=== How to complete this task ===
Before copying, set the pictures aside; then repeat every line below verbatim.

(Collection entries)
——

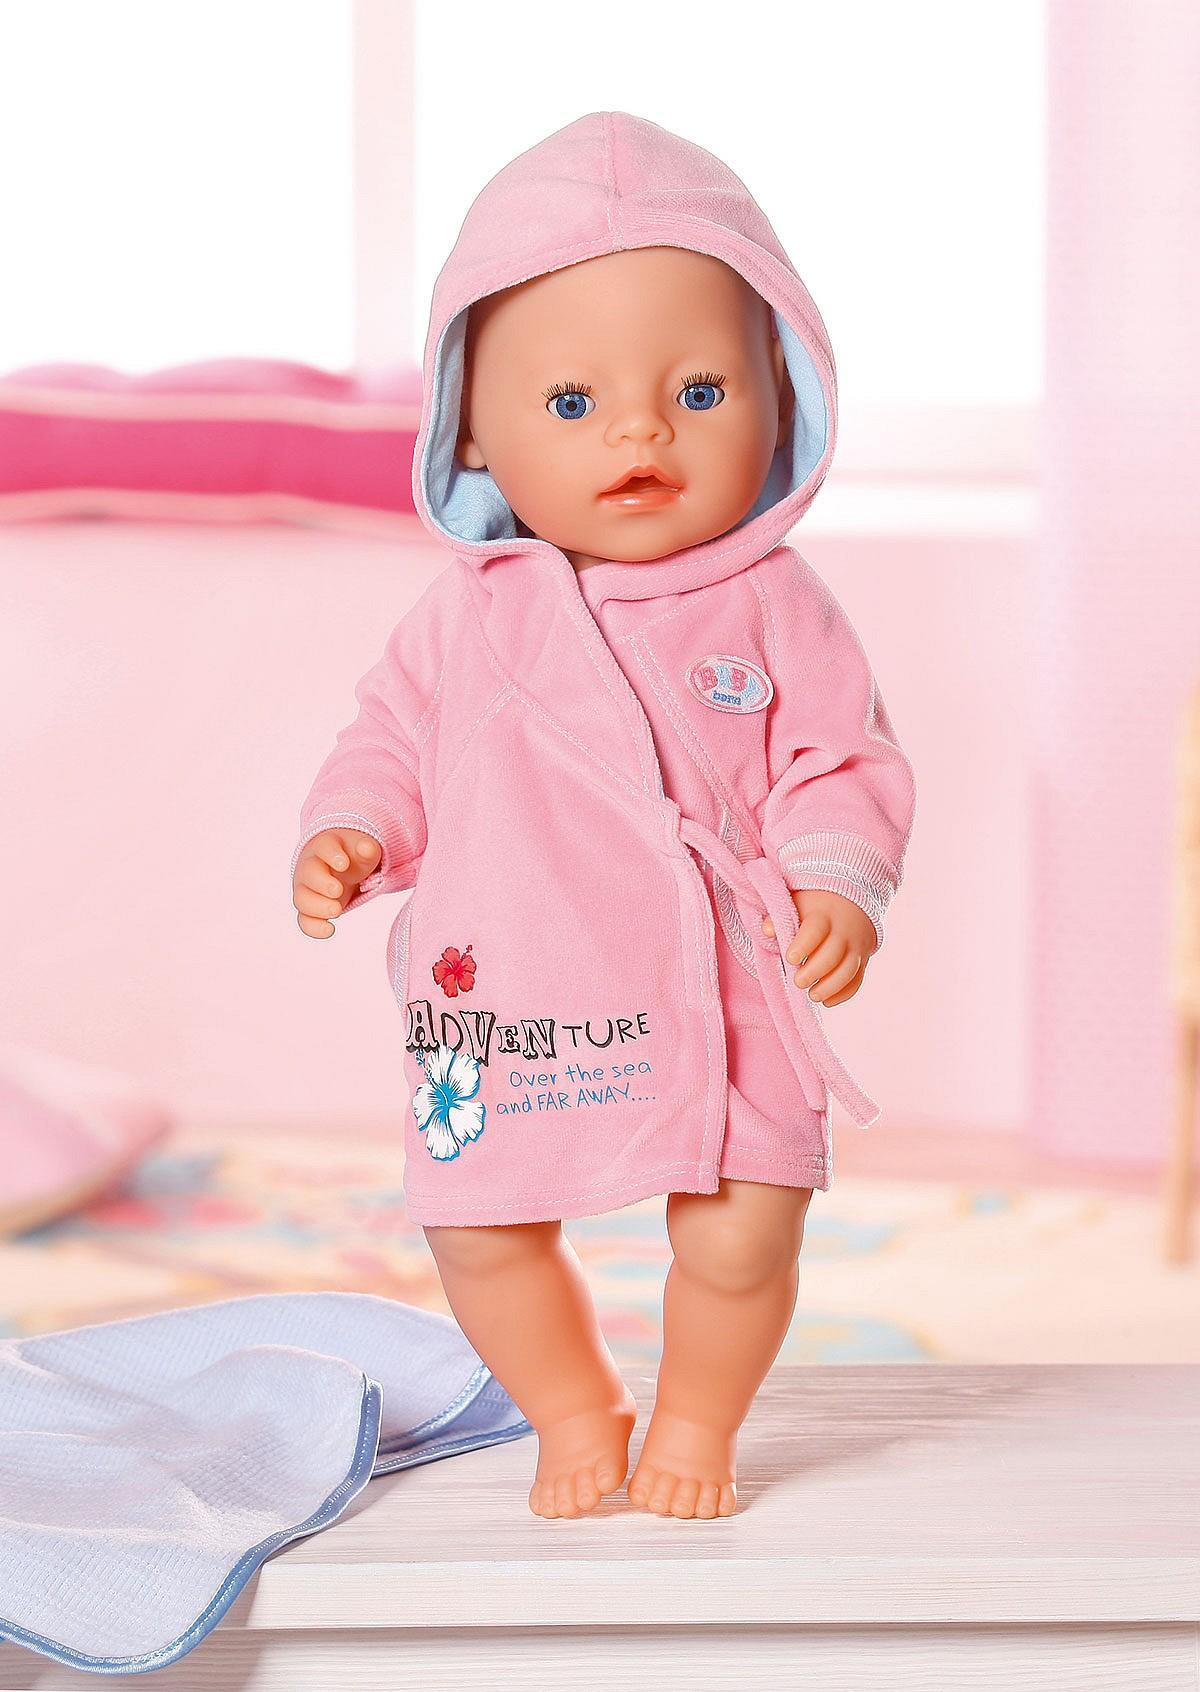 44f86e6bf Baby Born - BB kylpytakki
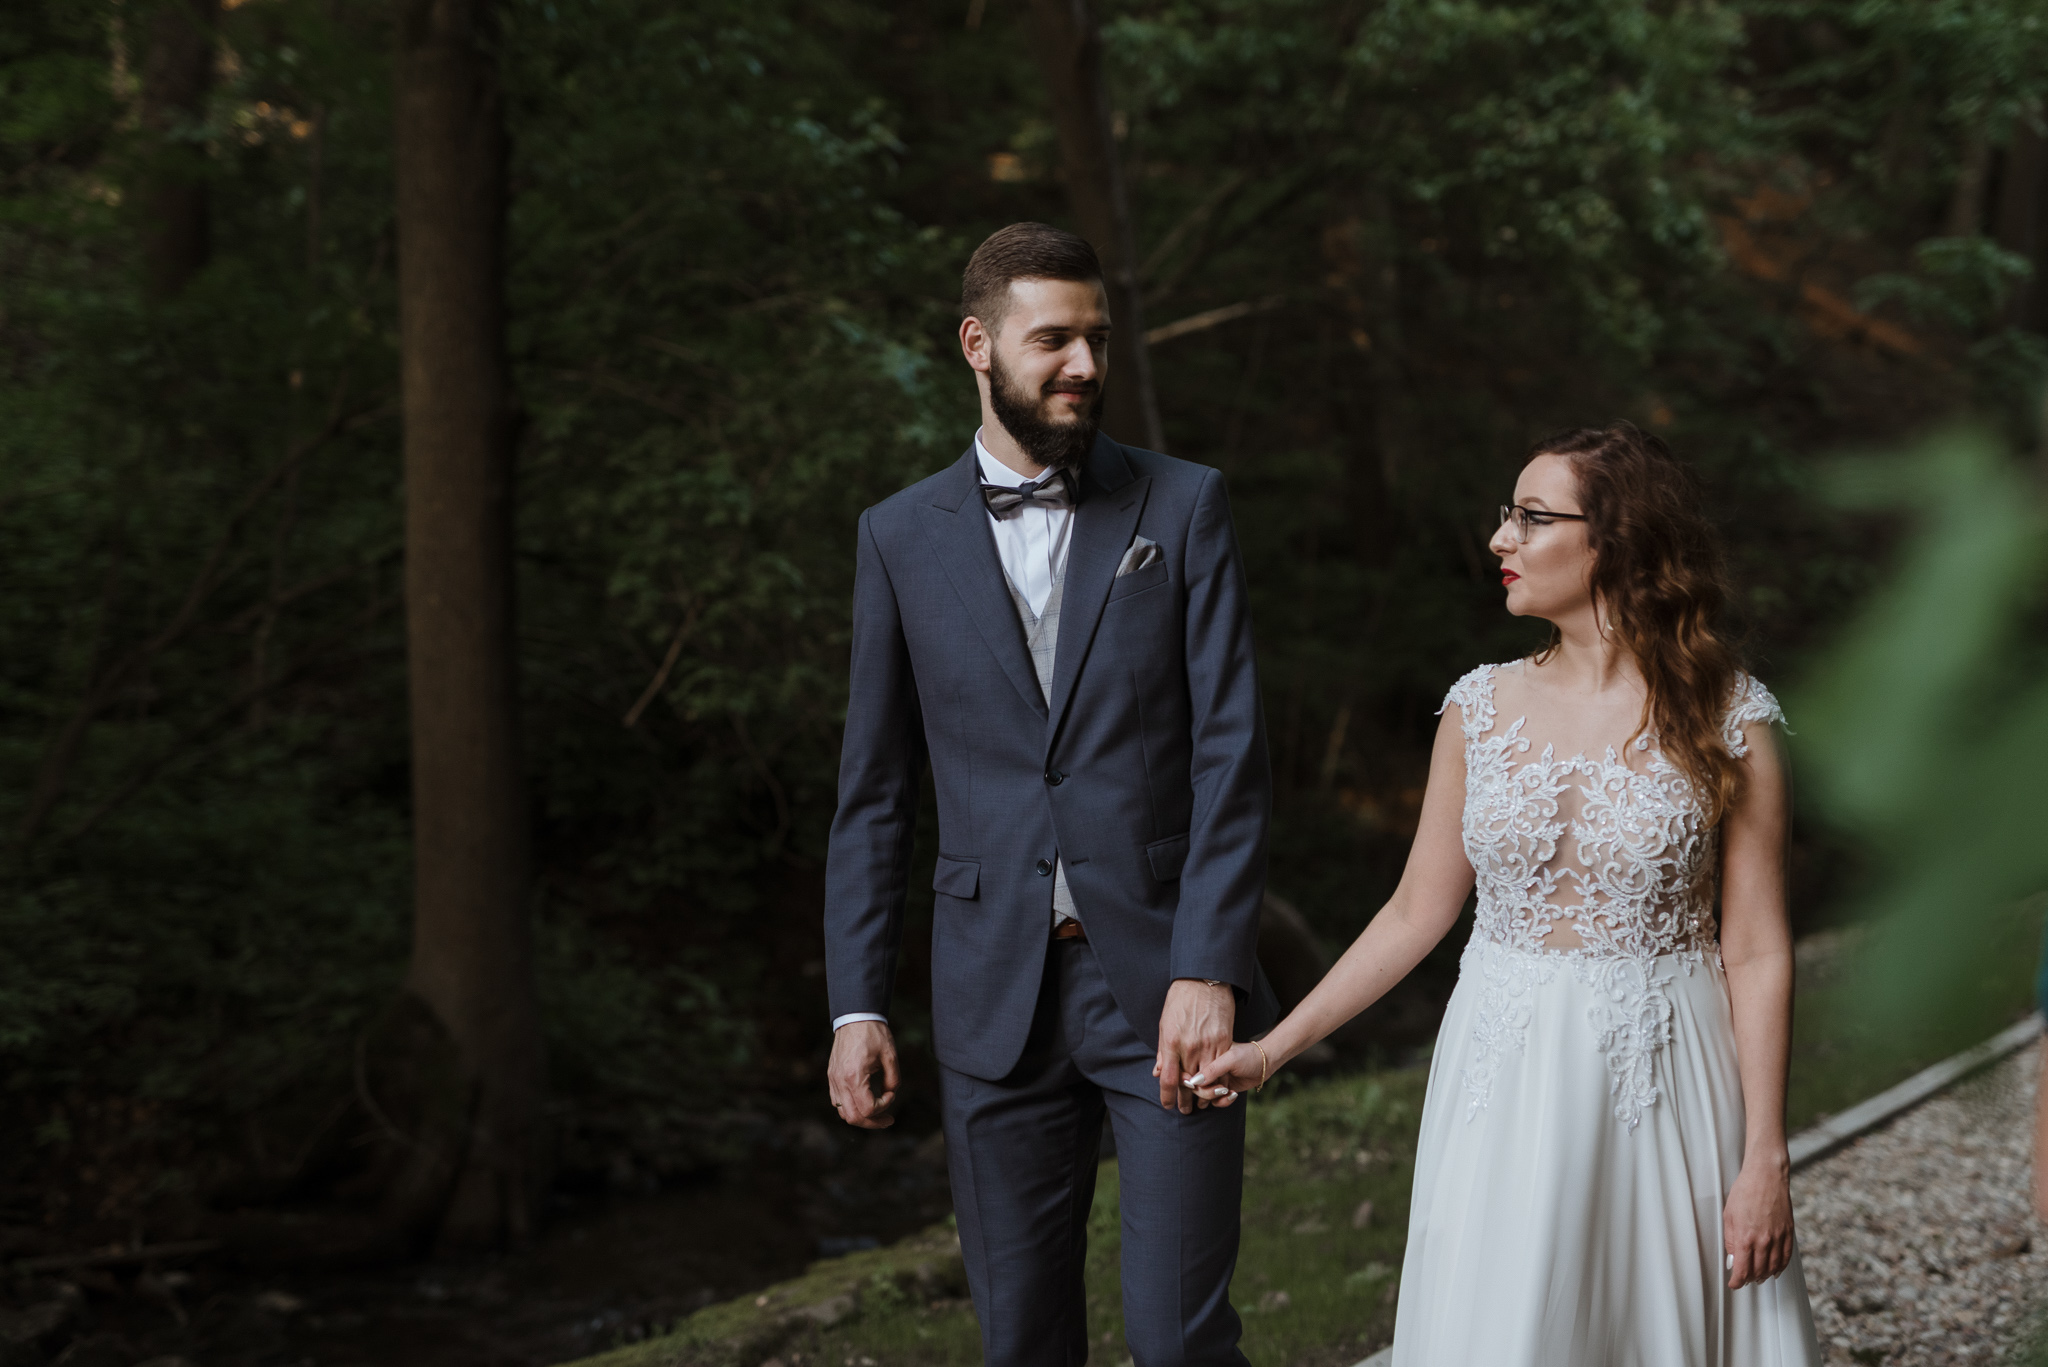 Edyta & Damian
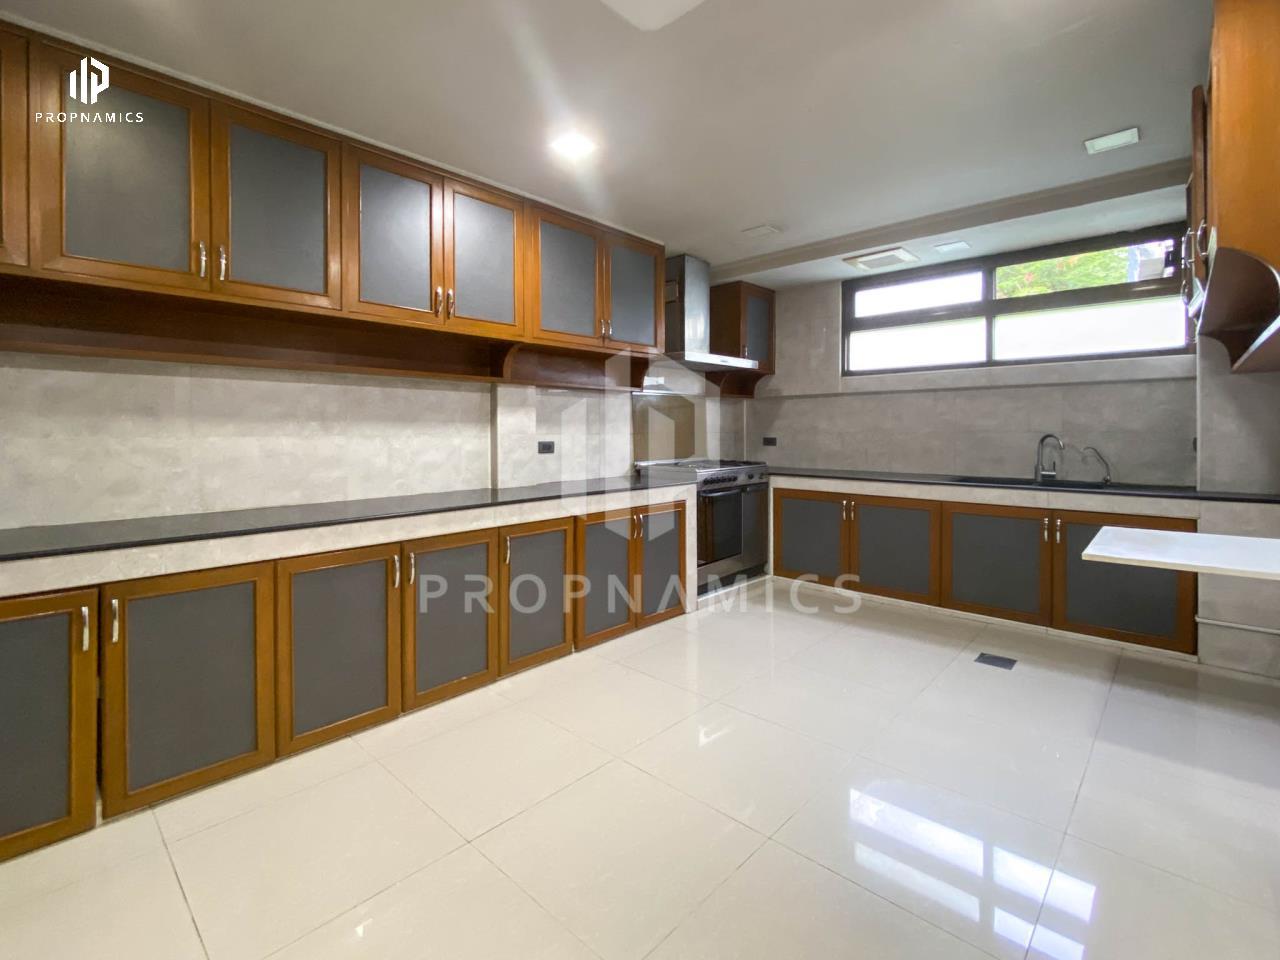 Propnamics Co., Ltd Agency's FOR RENT: SINGLE HOUSE IN SUKHUMVIT 26 7
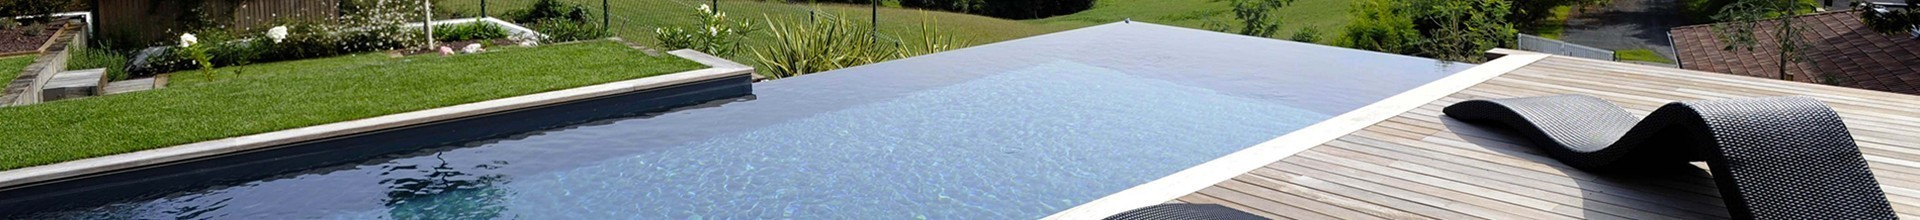 Direct usine, piscine coque prix Cantal
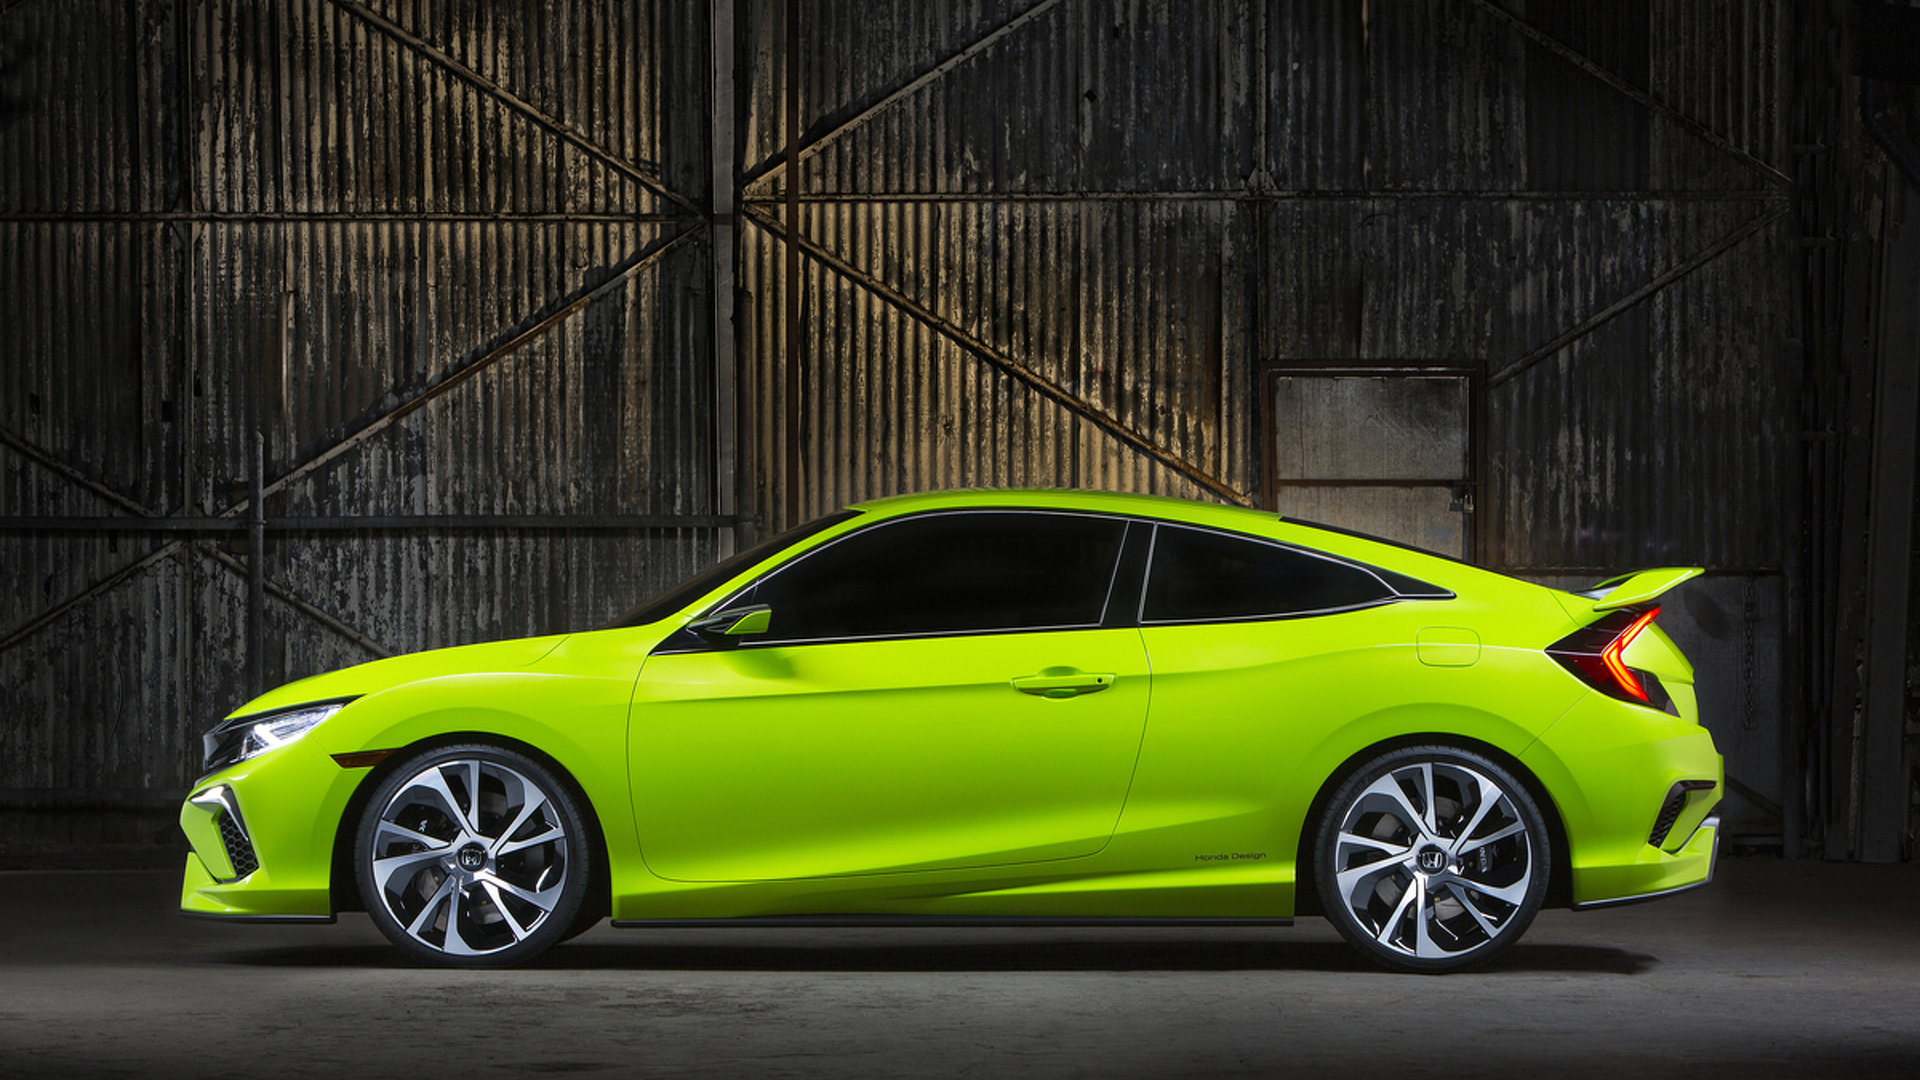 Honda Civic 10Th Gen >> Tenth Gen Honda Civic Coupe Designer Talks Behind The Design

——

=== Reply to the exercise ===
 44f86e6bf Baby Born - BB kylpytakki
 Edyta & Damian
 Propnamics Co., Ltd Agency's FOR RENT: SINGLE HOUSE IN SUKHUMVIT 26 7
 Direct usine, piscine coque prix Cantal
 Honda Civic 10Th Gen >> Tenth Gen Honda Civic Coupe Designer Talks Behind The Design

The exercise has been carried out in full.